Wednesday, February 1, 2023

Speaking of oracles

This is Joseph

Marginal Revolution pointed me to this quote by Peter Thiel:
[Thiel] has described British people’s affection for the state-backed health service as “Stockholm syndrome.”

The venture capitalist’s comments came during a Q&A session after a speech at the Oxford Union, a 200-year-old debating society, on Monday. He also said that the crisis-stricken health service, currently grappling with strikes and long wait times for emergency care, was making people sick and needs “market mechanisms” to fix it. Such mechanisms include privatizing parts of it, avoiding rationing and loosening regulations…

“In theory, you just rip the whole thing from the ground and start over,” Thiel said after an address in which he argued that a perceived fear of disruption was holding back technological and scientific developments. “In practice, you have to somehow make it all backwards-compatible in all these ridiculous British ways.” 

Let me be blunt. I can improve any pension plan by starting over and no longer needing to pay out previous obligations. It's trivial.
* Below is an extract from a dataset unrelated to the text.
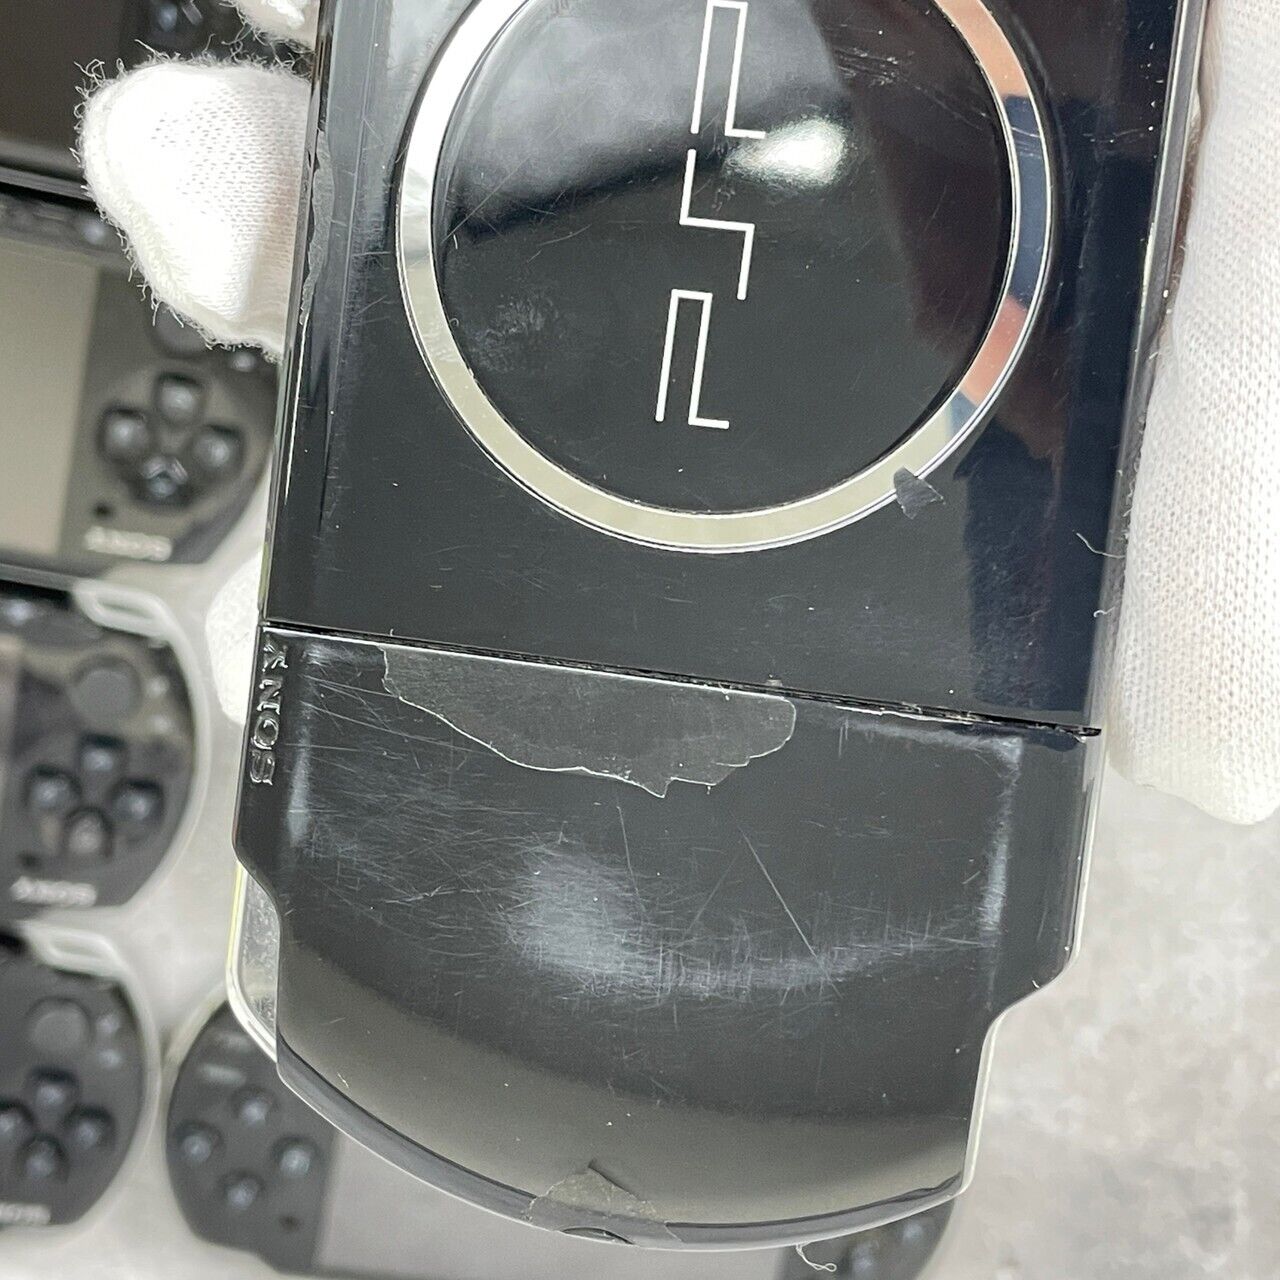 PSP 3000 SONY Playstation Portable Console Only Random Colors Bulk Sale UsedGood

The political challenge is that older adults have paid into the NHS their entire working life. The National Health Service (NHS) started in 1948, only a few people over 90 will have worked at any point in their career without contributing to the national health care plan. Tear it down might be ok, if and only if the new package of services are equivalent. Privatizing and avoiding rationing, together, make it hard to see how services can be maintained. Further, if a major infrastructure projects go way overtime or fail then that is one thing -- but if it is an entire healthcare system is being rebuilt there is a lot of risk inherent in loss of services or poor performance. 

How can you impose a market mechanism without these risks? Now maybe radical change is a good decision in the face of an unsustainable problem. But let us not fool ourselves that it will be  cheaper, just as comprehensive and have equal or better outcomes.